What to work on:
From the material below, return exactly the lines starting at the one that holds "gymnastika čakovice logo gotjač" and ending at the one that holds "1970s Yves Saint". Pictures stay out of the answer.

Dataset excerpts:
*** Begin section ***
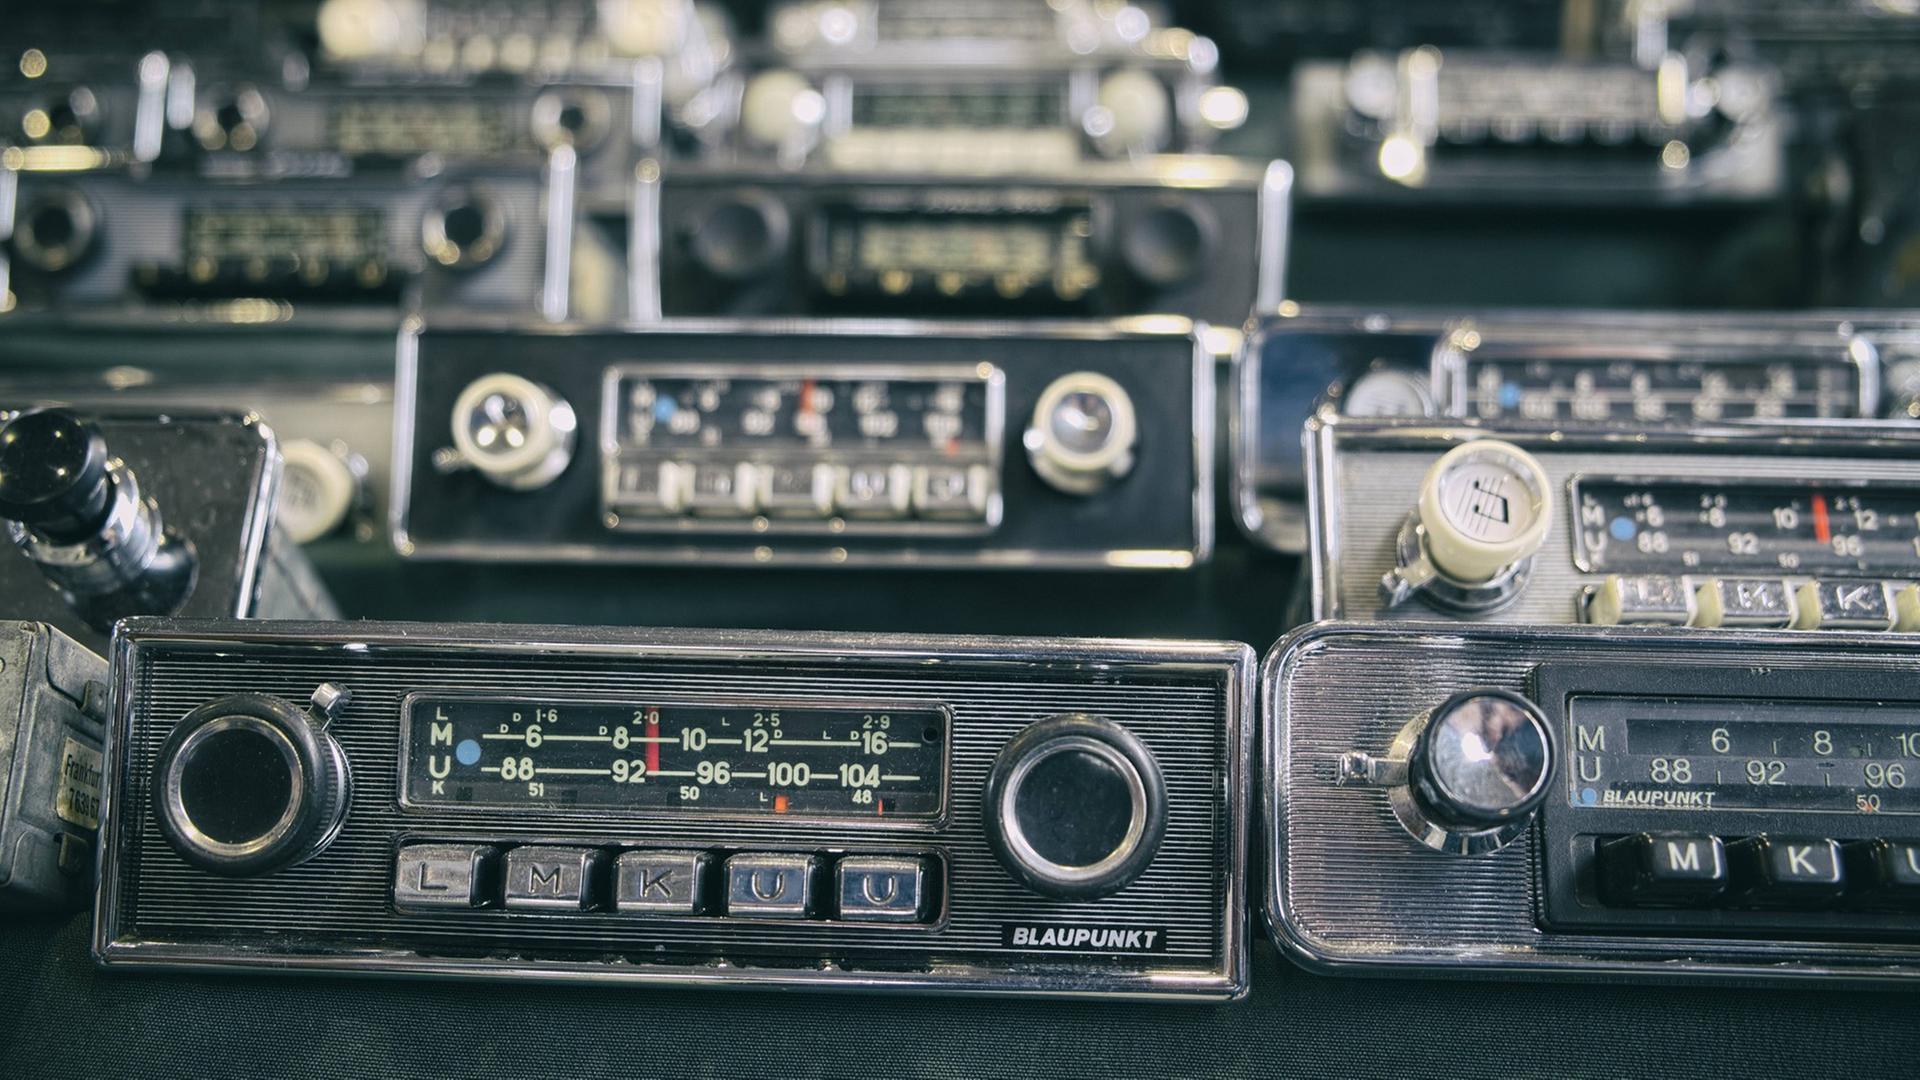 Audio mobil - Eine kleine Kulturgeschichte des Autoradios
*** End section ***
*** Begin section ***
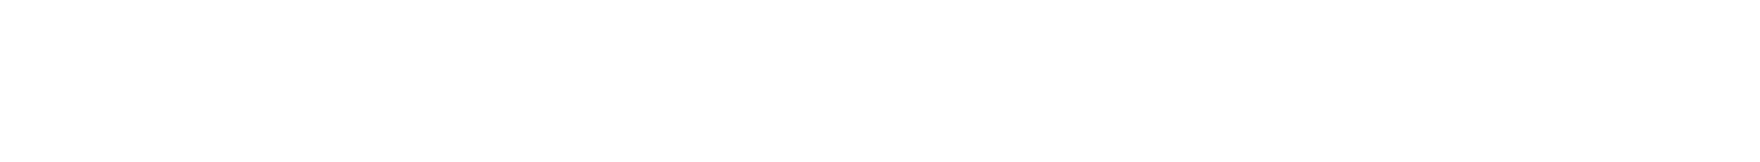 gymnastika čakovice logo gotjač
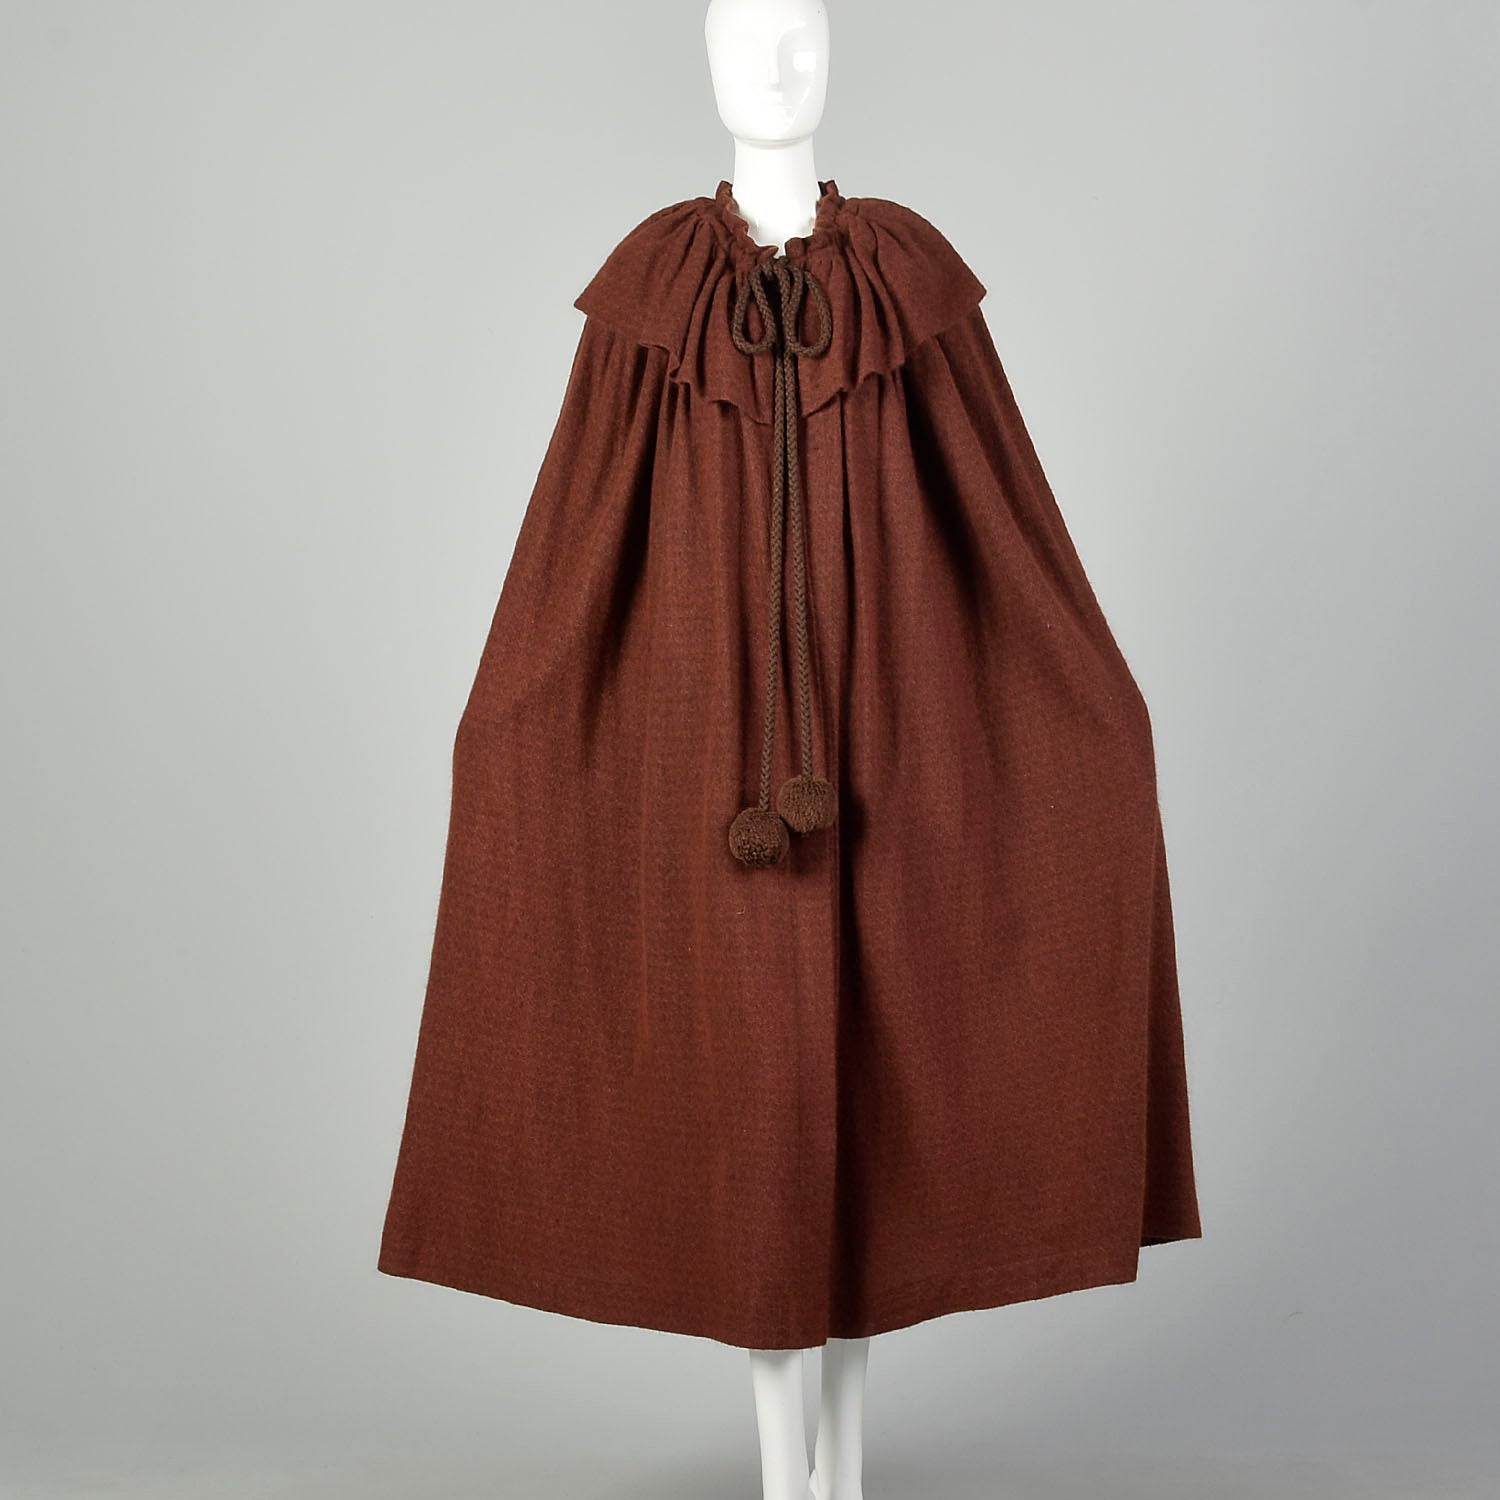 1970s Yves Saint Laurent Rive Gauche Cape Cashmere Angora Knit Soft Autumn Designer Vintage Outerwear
*** End section ***
Exercise output:
 gymnastika čakovice logo gotjač
 1970s Yves Saint Laurent Rive Gauche Cape Cashmere Angora Knit Soft Autumn Designer Vintage Outerwear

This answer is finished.